# Gulf stream and Ga offshore ?'s



## sea trout

Hope Y'all derin great!

How far is the gulf stream from the Georgia coast?
How come we really don't see much on this forum of trips to gulf stream from Ga.
Is it because nobody goes much? Nobody catches anything? Or the people who go don't use this forum?

How would Y'all compare the Ga snapper banks and live bottoms and publicly known gps coordinates around these areas with Florida offshore fishin or offshore fishin the from the Carolina's?

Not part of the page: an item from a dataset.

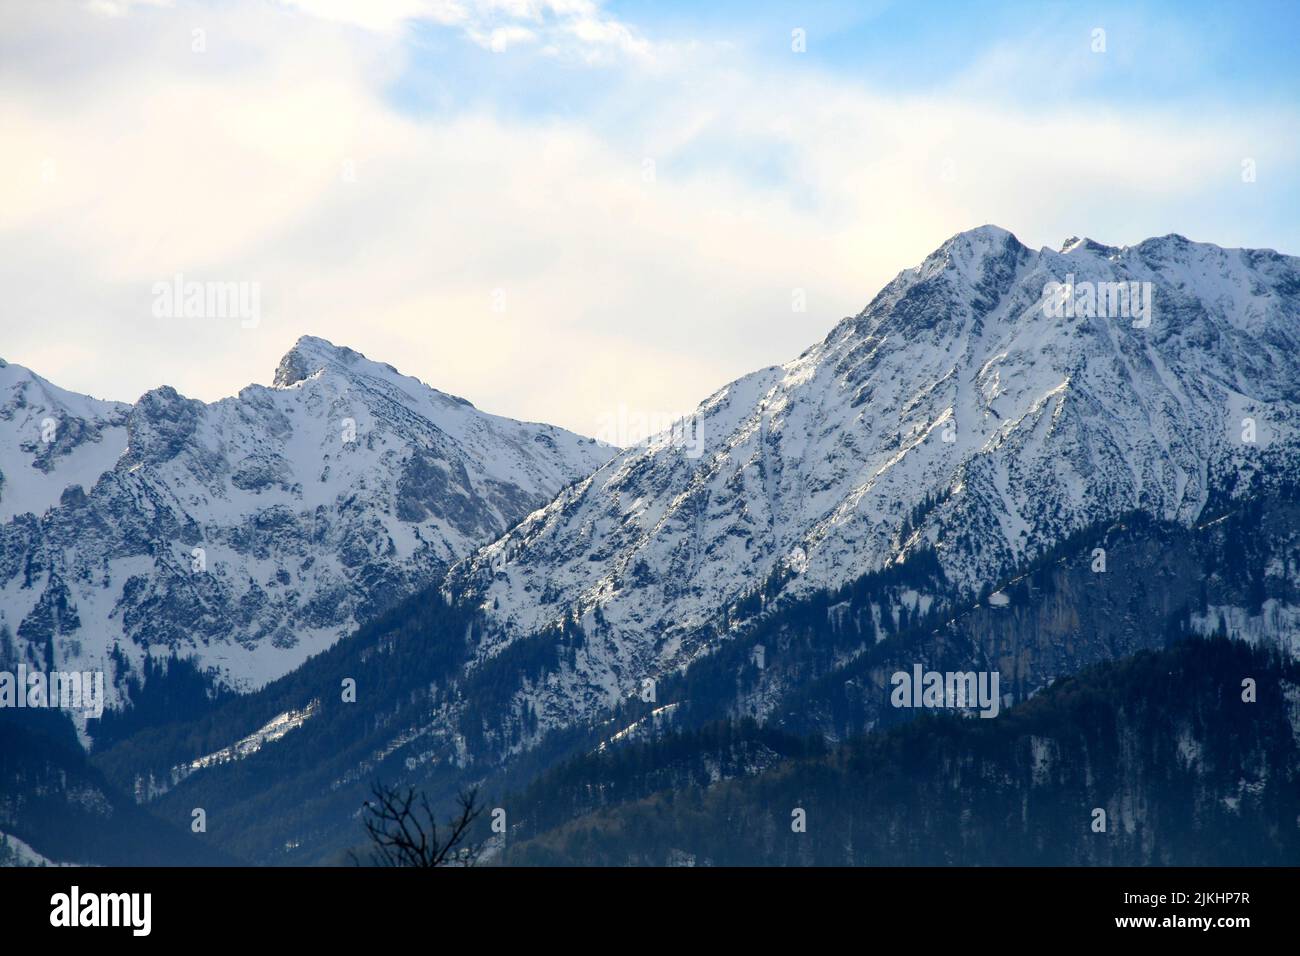 A breathtaking view of snowcap Alps on a cloudy sky background Stock Photo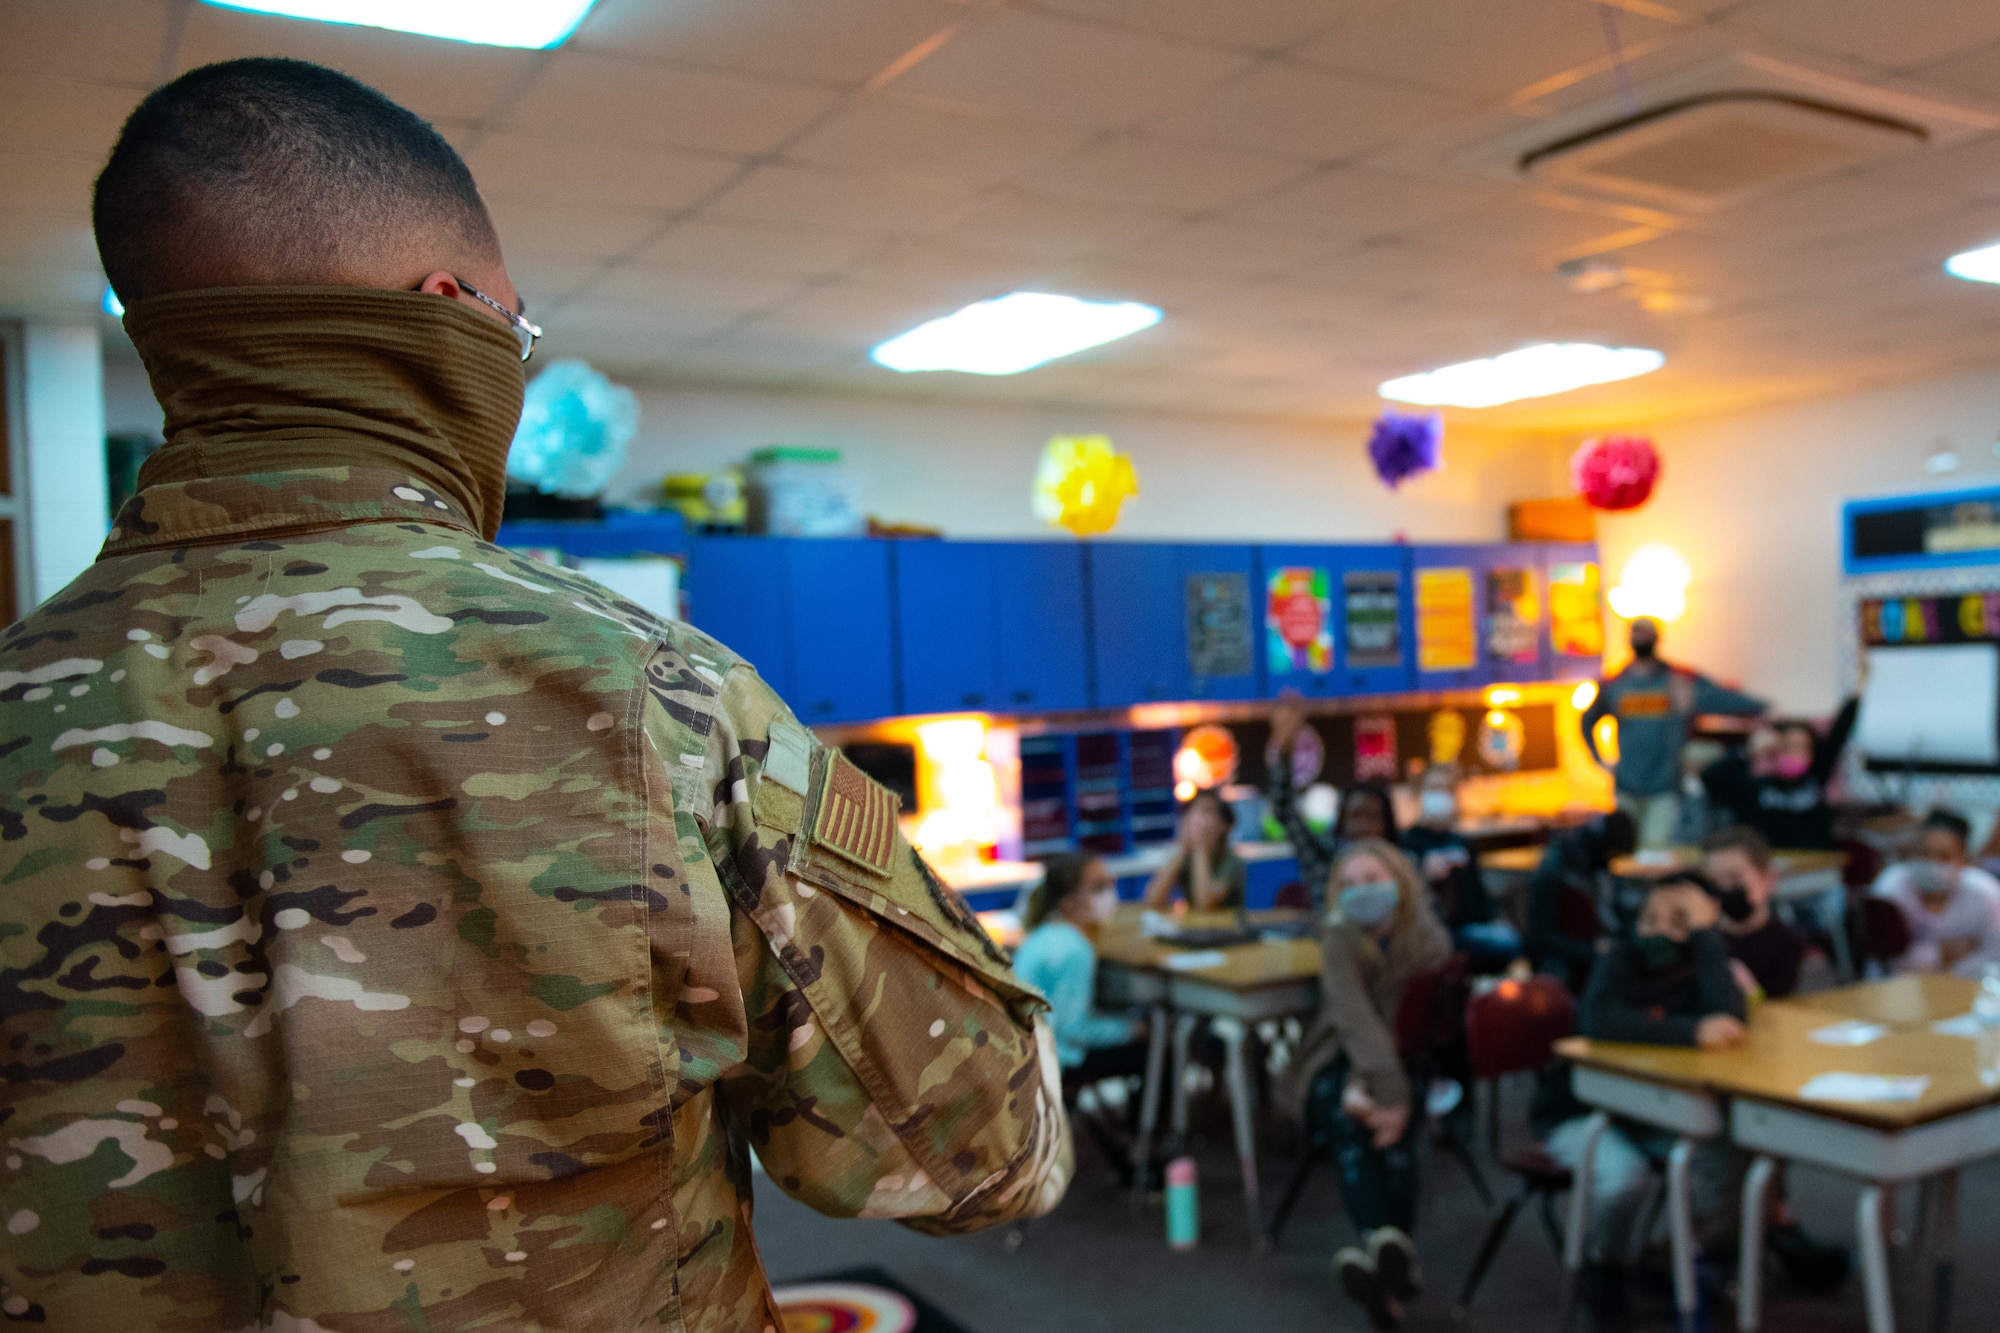 U.S. Air Force Airman 1st Class Dylan Wohlford, an installation entry controller assigned to the 509th Security Forces Squadron, speaks to a class of elementary students at Whiteman Air Force Base, Missouri, on Feb. 26, 2021. During the visit, students asked questions about the Air Force experience and lifestyle. (U.S. Air Force photo by Airman 1st Class Devan Halstead)

Thanks for any help and knowledge!!!!!!!!!!
I've seen a few you tube video's of Georgia offshore fishin. A mahi video from the gulf stream was really impressive to me.


----------



## jasper181

I fish the stream out of coastal Georgia on a regular basis including tournaments. It is a long haul out, around 70 +/- to the south ledge from where im located. So fuel cost, boat size and length of trip deter a lot of folks from the trip. The fishing is fantastic the right time of year, dolphin, tuna, wahoo and the occasional billfish are on the menu.


----------



## sea trout

Wow thanks!!
70 miles is a looooong haul!
Is the water predictable for the ride back or not so much??
Are you a charter captain?


----------



## oldenred

The fishing can be great. Snapper banks around 40 miles offshore and gulf stream starts around 60 miles. Really depends on where you leave out of. There are some other forums that focus more on offshore fishing than this one. When I get the boat up and runnin your more than welcome to go out with me just split gas and bait.


----------



## sea trout

hey man i thought you just got that boat last year?
 Thanks for the offer! 
How much gas does your boat hold?
Thanks man!!!


----------



## oldenred

sea trout said:


> hey man i thought you just got that boat last year?
> Thanks for the offer!
> How much gas does your boat hold?
> Thanks man!!!



The new tank will hold 170 gallons but doubt I will ever burn 100 a day unless I spend all day high speed trollin for hoo's. In the middle of puttin in a new transom, stringers and fuel tank.


----------



## sea trout

Cool man thats a very nice size tank! I always like more than enough when it comes to gas and not seeing land


----------



## oldenred

sea trout said:


> Cool man thats a very nice size tank! I always like more than enough when it comes to gas and not seeing land



You and me both!


----------



## oldenred

If you got facebook check out that new group I posted up. More offshore fishing in there.


----------



## jasper181

sea trout said:


> Wow thanks!!
> 70 miles is a looooong haul!
> Is the water predictable for the ride back or not so much??
> Are you a charter captain?


 
Im not a charter captain , once upon a time I charter fished out of PCB. As far as the weather it is important to see what the forecast shows, of course it will get worse around a squall. We have had some rough days making only 12 knots or so on the way out, it makes for a looong trip.


----------



## Uptonongood

To fish the Gulfstream means leaving at zero dark thirty, running for maybe two and a half hours.  You fish for four hours, maybe five, and run two and a half hours back if seas are calm. It makes for a very long day but hit it right and the wahoo, dolphin and maybe a marlin can make it an epic trip.  Going that far, it's best to have two boats making the trip or atleast two motors on the boat.  The water color is cobalt blue, absolutel increible.  If you can, do it at least once, you won't forget it.


----------